Гай бросил на Ливию быстрый взгляд.

— О нет, тогда я не был влюблен в женщину, просто знал это давно, еще с тех пор, как погибла моя мать. Это потрясло меня, почти уничтожило: ведь любимые кажутся нам бессмертными.

— Ты помнишь ее?

— Смутно. Отец говорил, что внешне я похож на мать, хотя вообще-то не любил о ней вспоминать, по крайней мере, вслух…

Он говорил, и его лицо казалось Ливий таким красивым, полным внутреннего света, и у нее болезненно сжималось сердце, потому что она все-таки не знала, принадлежит ли он ей всецело и навсегда. А еще…

— Гай, — нерешительно начала она, прикоснувшись к его руке, — я подумала… вдруг у меня будет ребенок и тогда…

Он рассмеялся:

— Не бойся. Пожалуй, я был бы слишком безрассуден, если б позволил себе рисковать этим. Наши с тобою дети родятся в законном браке.

«Или не родятся вообще», — закончила про себя Ливия, и внутри у нее пробежал холодок.

А после Гай с воодушевлением рассказывал о том, как они станут путешествовать, побывают в Греции, Египте, и она верила и не верила ему. Она тоже не хотела пробиваться через отмеренные судьбою дни, как через что-то плотное, вязкое, дремучее, хотела жить легко и свободно, подчиняясь только своим желаниям, но она была достаточно взрослой для того, чтобы представлять, какие обязательства ложатся на плечи замужней женщины. Если им вообще удастся пожениться…

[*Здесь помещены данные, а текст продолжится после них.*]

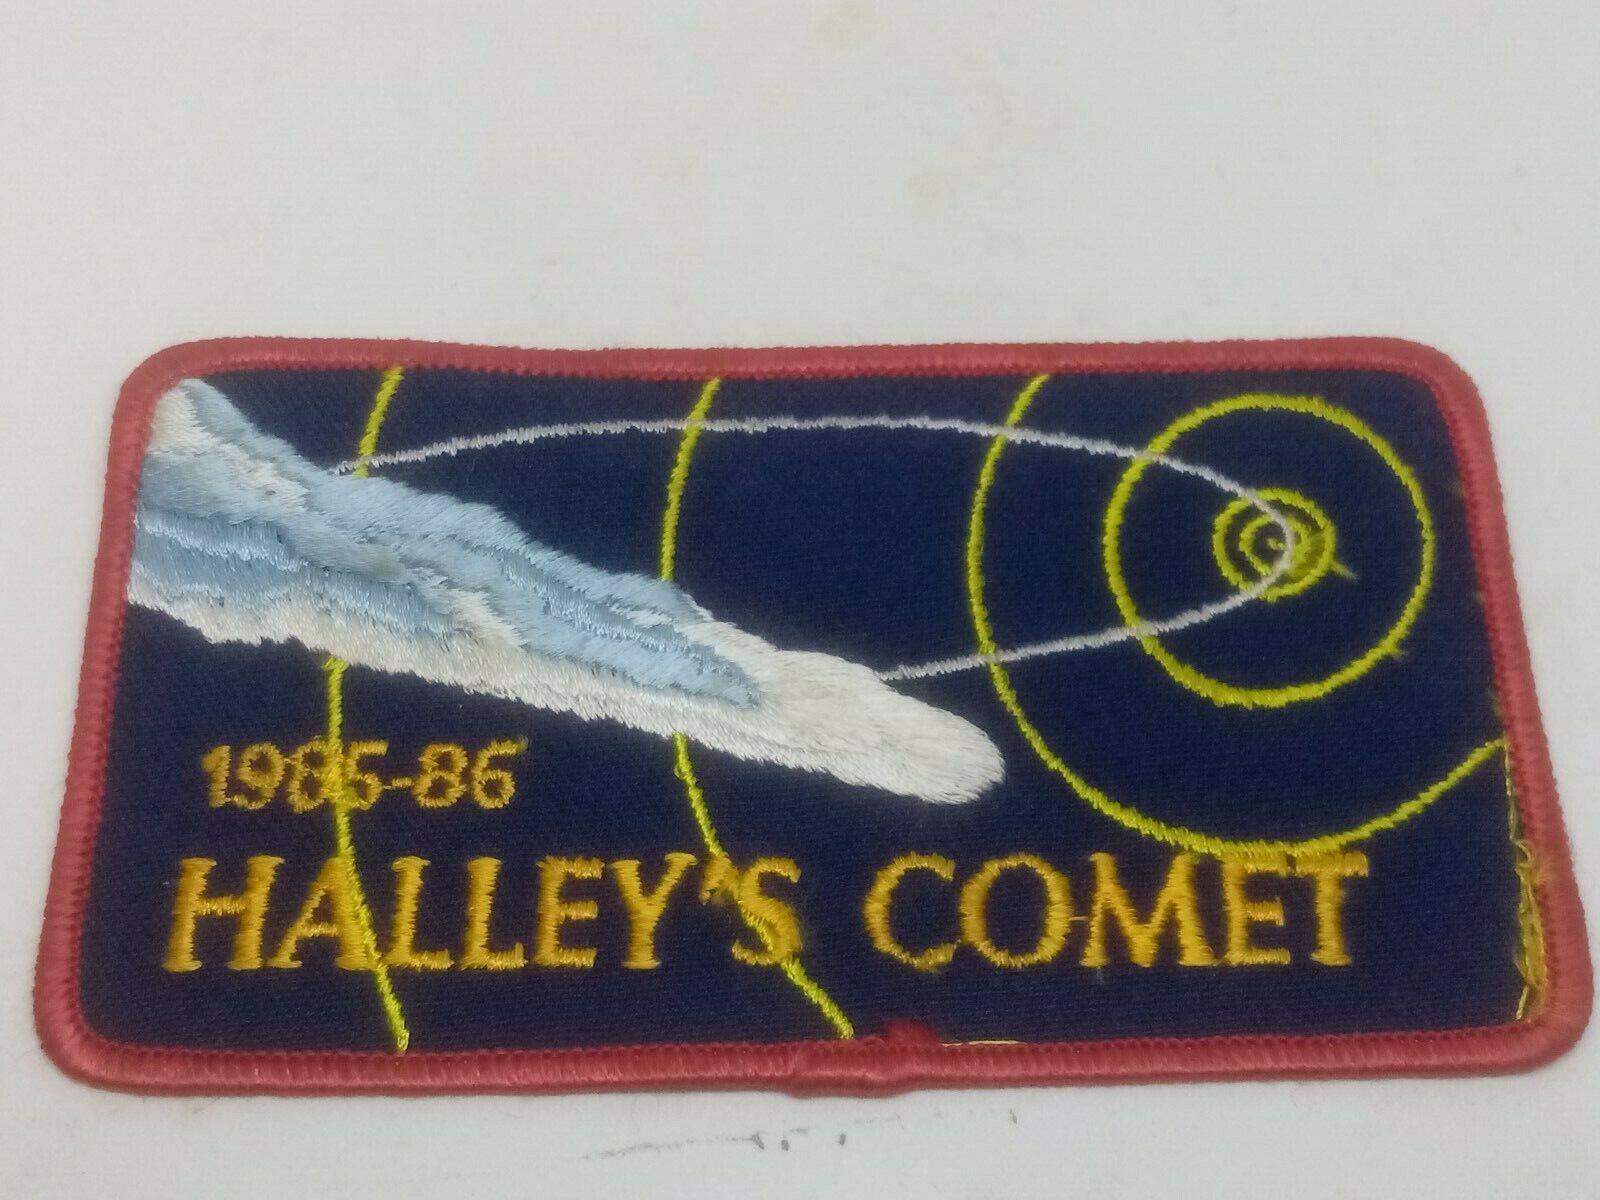 Vintage 1985-86 HALLEY’S COMET Embroidered Cloth Patch Badge As Seen

…Марк Ливий Альбин приехал неожиданно; к счастью, в тот момент Ливия была дома. Он привез дочери дорогие подарки и ласково побеседовал с нею. Ливия не смела взглянуть в глаза отцу, потому что ей казалось: он видит ее насквозь и способен заметить любое притворство, любую ложь. Поскорее удалившись к себе, она долго и мучительно размышляла о своей судьбе. Она не могла больше жить, как жила, все это слишком затянулось.

Ливий не удалось встретиться с Гаем ни в один из последующих дней, и она сходила с ума от нетерпения, потому что знала: он ее ждет. Конечно, он должен был догадаться о том, почему она не смогла прийти и все же… Ливия проводила томительные часы в обществе молчаливой Тарсии, которую жизнь научила, а точнее, вынудила быть смиренной и терпеливой.

— Хочешь, госпожа, я отнесу табличку? — однажды спросила рабыня.

— Нет, — отвечала Ливия, — не сейчас. Я должна дождаться… — она не сказала, чего.

От напряженного ожидания у девушки разболелась голова, и на утро третьего дня она отправилась в перистиль в надежде немного успокоиться и отвлечься от тягостных мыслей, но даже любимый уголок показался ей иным, чем прежде.

Ливия сидела, неподвижно глядя в пространство, когда на дорожке появилась Тарсия. Ее серые глаза мягко светились под золотыми ресницами, точно драгоценные камни.

— Там пришел, — она сделала паузу, — тот человек. Ливия поняла. Она вскочила так стремительно, что чуть не упала, поскользнувшись на мраморных плитах.

— Где он?!

— Его проводили в атрий.

— Он спрашивал меня?

— Нет, госпожа, твоего отца.

Ливия кинулась вперед; она сама не знала, что следует делать. Ее одновременно охватили и нетерпение и нерешительность. Она опоздала: Гай Эмилий и отец уже вели беседу, и Ливия не осмелилась показаться им на глаза. Они говорили довольно тихо, и притаившаяся за колонной девушка не разбирала слов. Она уставилась в стену, созерцая внезапно замеченные на ней неровности и трещины и испытывая то мучительное ощущение, когда, уже предчувствуя безжалостную правду, человек все еще цепляется за последние, призрачные надежды.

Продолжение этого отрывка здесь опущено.